Hence, when we're representing values inside Perl, we need to implement some special types. This chapter will examine how scalars, arrays and hashes are represented inside the interpreter.
[edit] Basic SVs
SV stands for Scalar Value, and it's the basic form of representing a scalar. There are several different types of SV, but all of them have certain features in common.
[edit] Basics of an SV
Let's take a look at the definition of the SV type, in sv.h in the Perl core:
struct STRUCT_SV {
void* sv_any; /* pointer to something */
U32 sv_refcnt; /* how many references to us */
U32 sv_flags; /* what we are */
};
Every scalar, array and hash that Perl knows about has these three fields: "something", a reference count, and a set of flags. Let's examine these separately:
[edit] sv_any
This field allows us to connect another structure to the SV. This is the mechanism by which we can change between representing an integer, a string, and so on. The function inside the Perl core which does the change is called sv_upgrade.
As its name implies, this changing is a one-way process; there is no corresponding sv_downgrade. This is for efficiency: we don't want to be switching types every time an SV is used in a different context, first as a number, then a string, then a number again and so on.

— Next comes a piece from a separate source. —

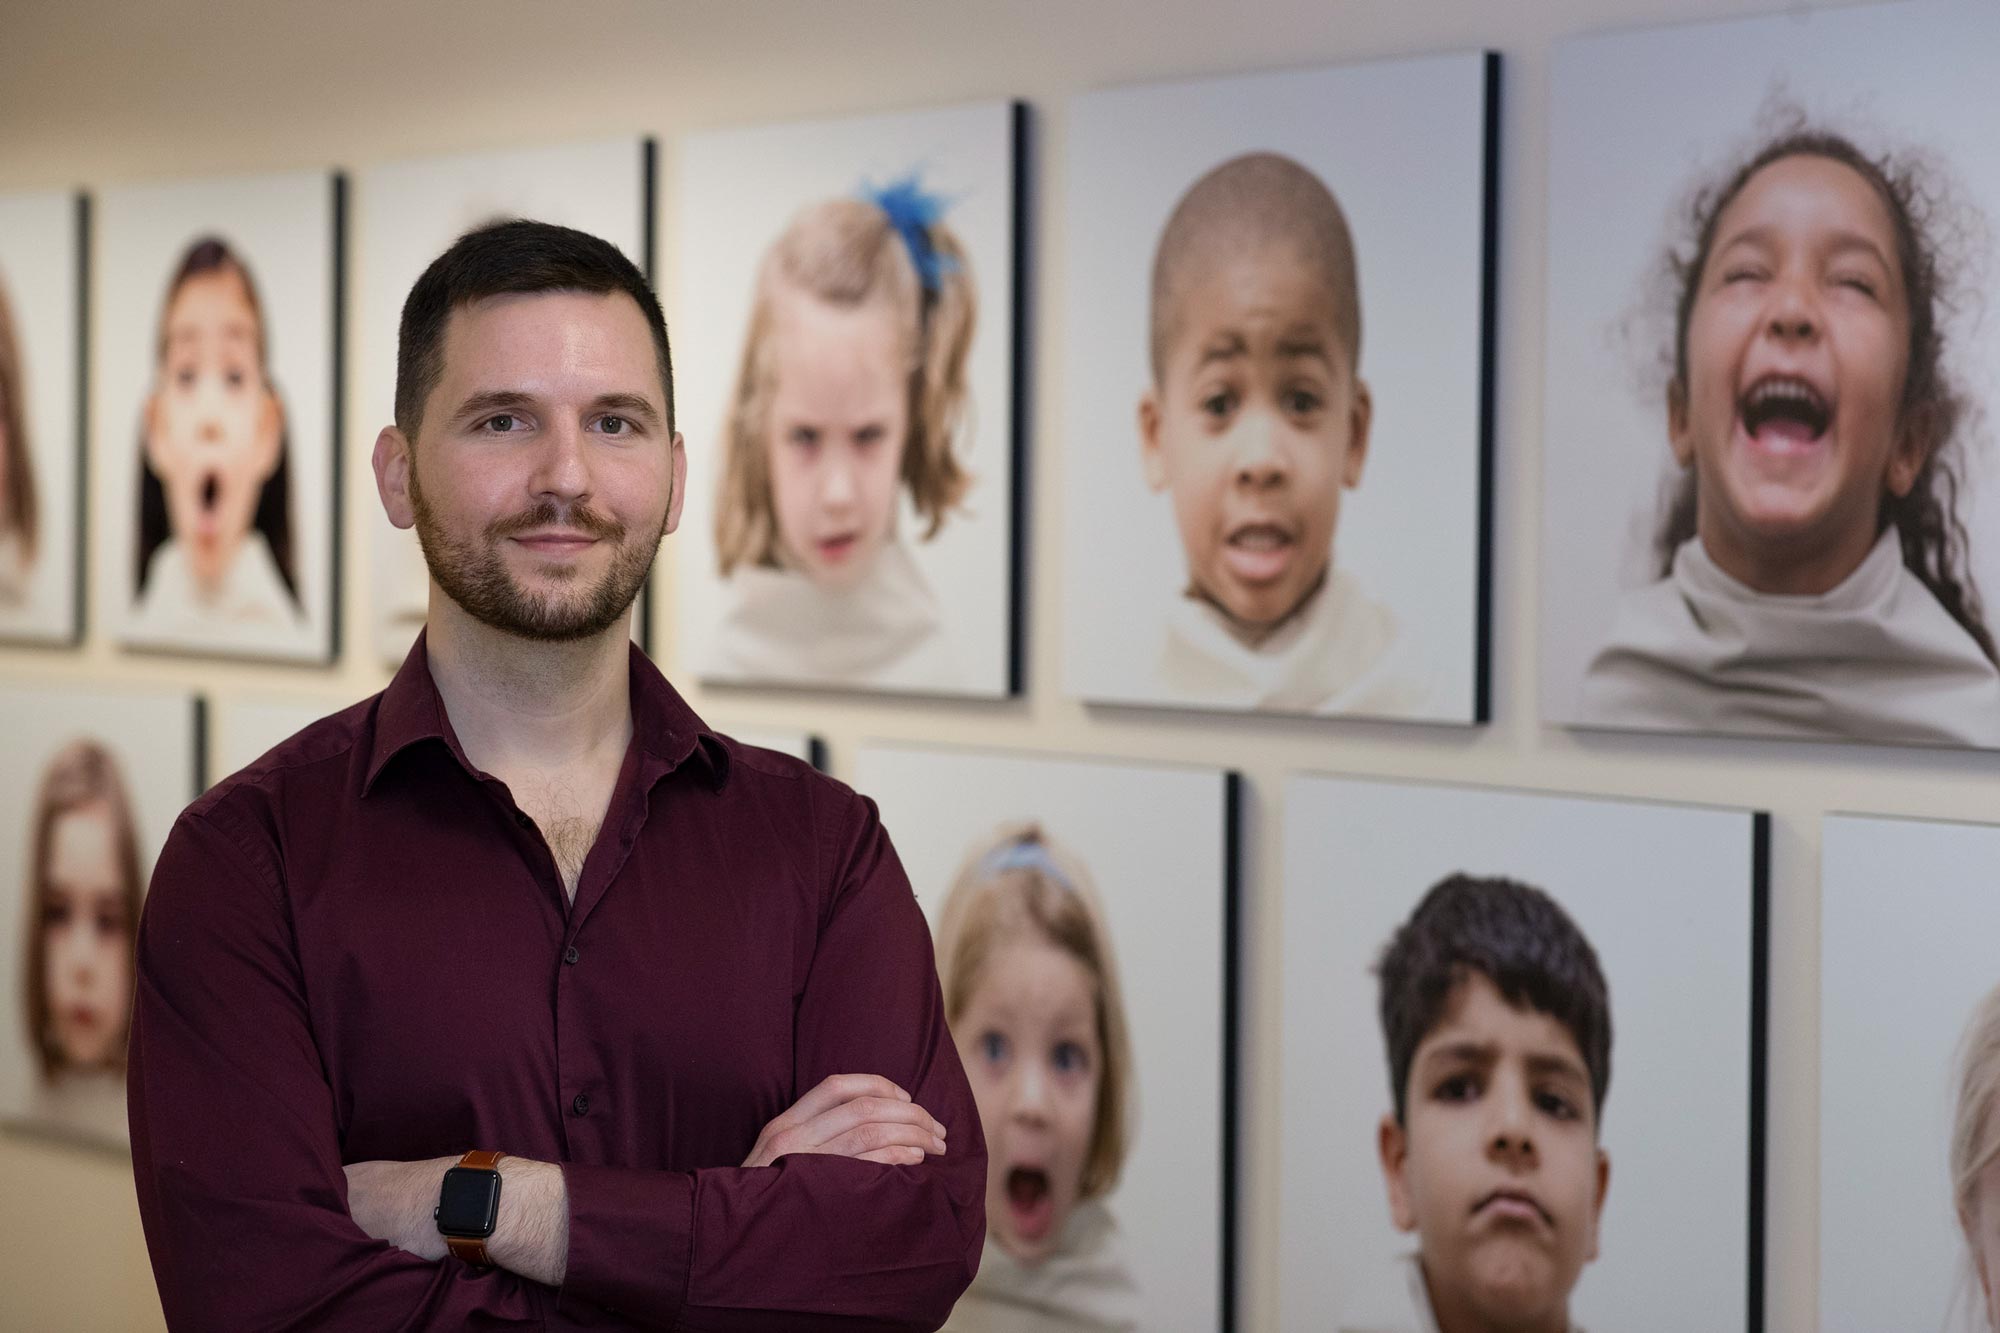 Stefen Beeler-Duden stands in front of portraits of children with his arms crossed looking at the camera
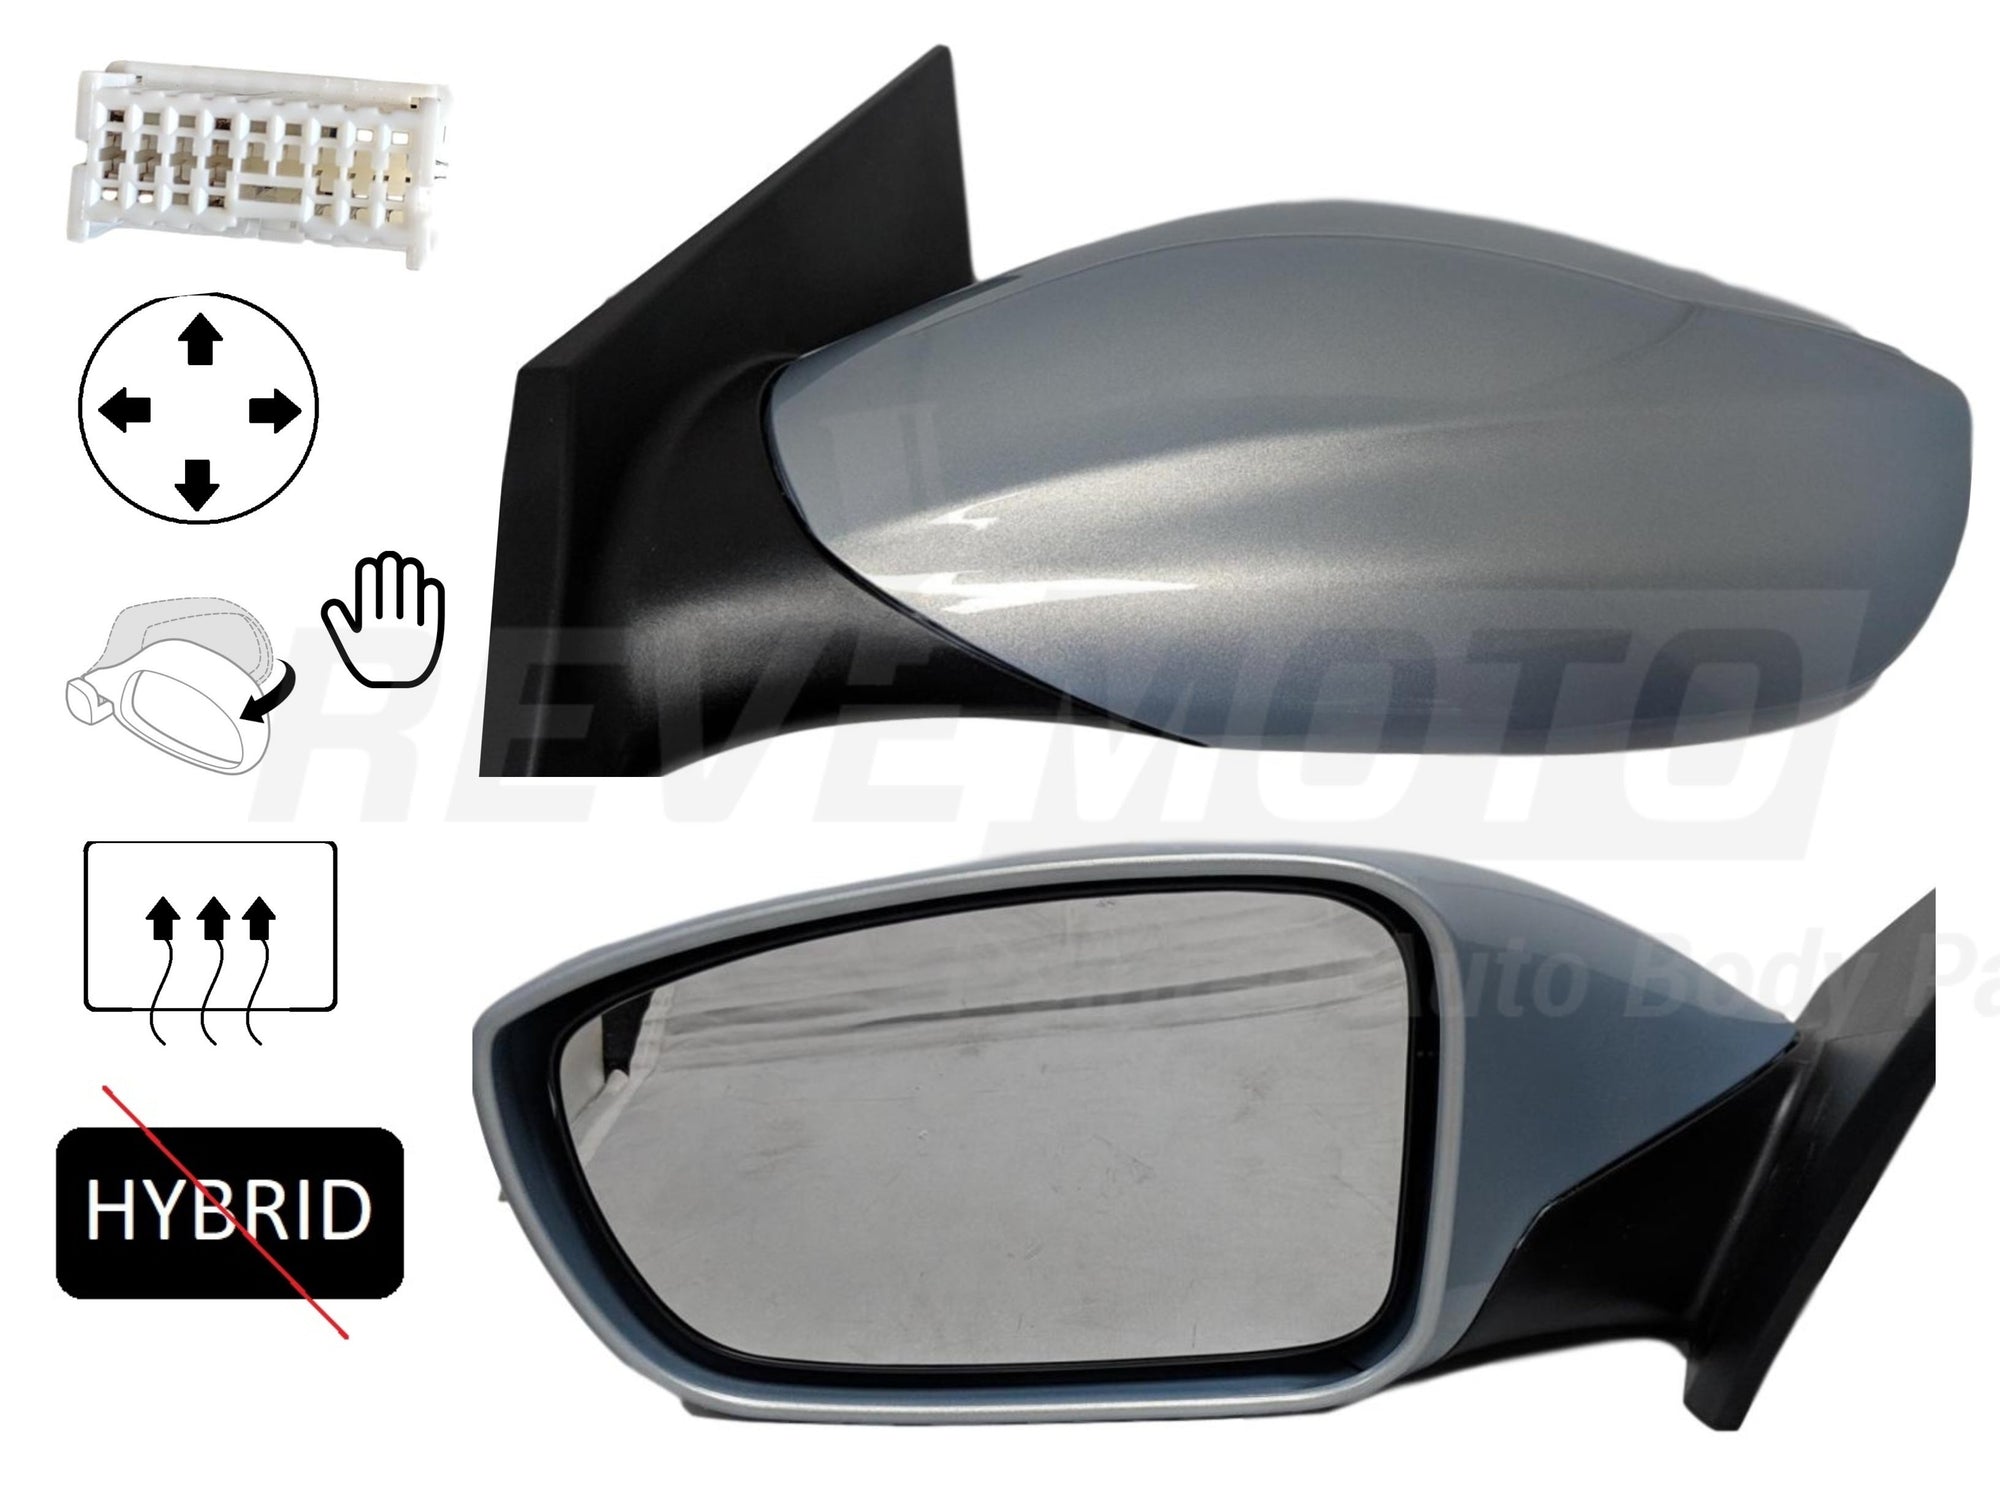 2013_Hyundai_Sonata_Driver_Side_View_Mirror_Heated_wo_Turn_Signal_Light_Power_Manual_Folding_Except_Hybrid_Painted_Iridescent_Silver_Blue_Pearl_Z3__876103Q010

Hence the structures we will meet get progressively more complex, building on each other: we will see an integer type, a string type, and then a type which can hold both a string and an integer, and so on.
[edit] Reference Counts
Perl uses reference counts to determine when values are no longer used. For instance, consider the following two pieces of code:
{
my $a;
$a = 3;
}
Here, the integer value 3, an SV, is assigned to a variable. Remember that variables are simply names for values: if we look up $a, we find the value 3. Hence, $a refers to the value. At this point, the value has a reference count of 1.
At the closing brace, the variable $a goes out of scope; that is to say, the name is destroyed, and the reference to the value 3 is broken. The value's reference count therefore decreases, becoming zero.

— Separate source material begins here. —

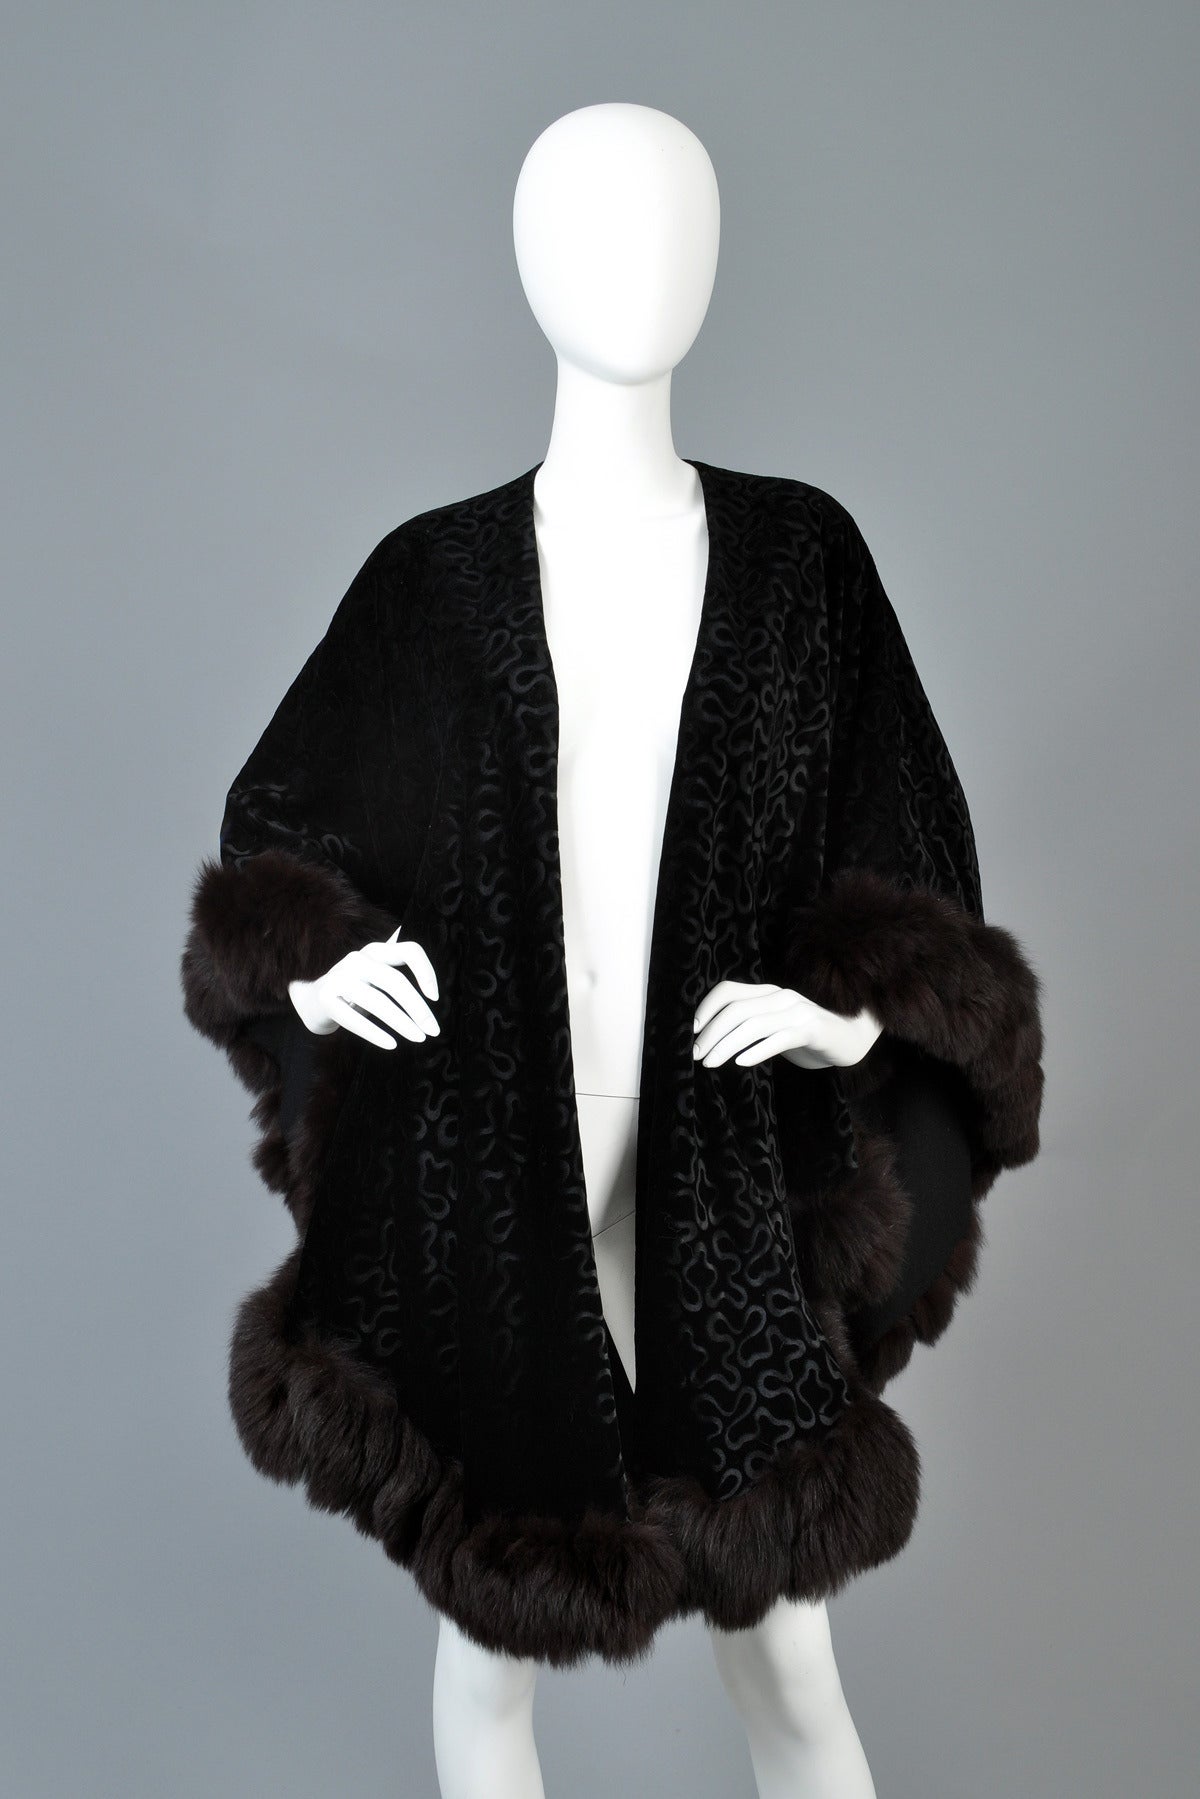 Fabulous 1980s Adrienne Landau textured velvet cape with fox fur trim. Incredible piece! Ultra draped black velvet with textured swirls running throughout. Long black dyed fox fur trim. Cozy wool flannel lining.  Designed to be worn open. Excellent

Once an SV has a reference count of zero, it is no longer in use and its memory can be freed.
Now our second piece of code:
my $b;
{
my $a;
$a = 3;
$b = \$a;
}
In this case, once we assign a reference to the value into $b, the reference count of our value (the integer 3) increases to 2, as now two variables are able to reach the value.

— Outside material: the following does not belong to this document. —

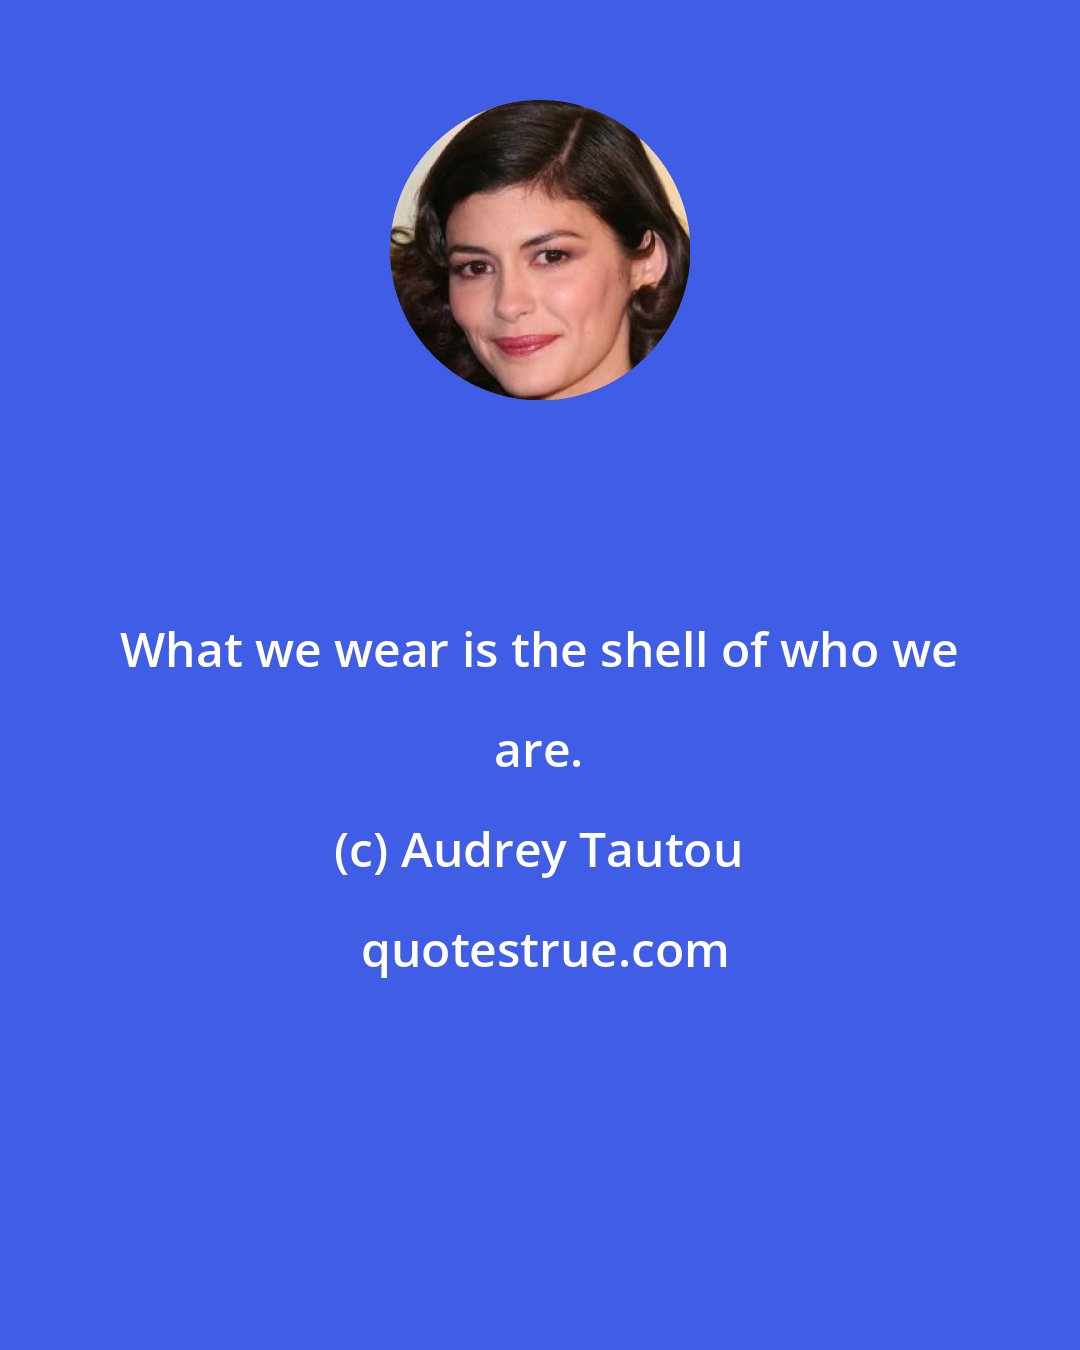 Audrey Tautou: What we wear is the shell of who we are.

When the scope ends, the value's reference count decreases as before because $a no longer refers to it. However, even though one name is destroyed, another name, $b, still refers to the value - hence, the resulting reference count is now 1.
Once the variable $b goes out of scope, or a different value is assigned to it, the reference count will fall to zero and the SV will be freed.
[edit] Flags
The final field in the SV structure is a flag field. The most important flags are stored in the bottom two bits, which are used to hold the SV's type - that is, the type of structure which is being attached to the sv_any field.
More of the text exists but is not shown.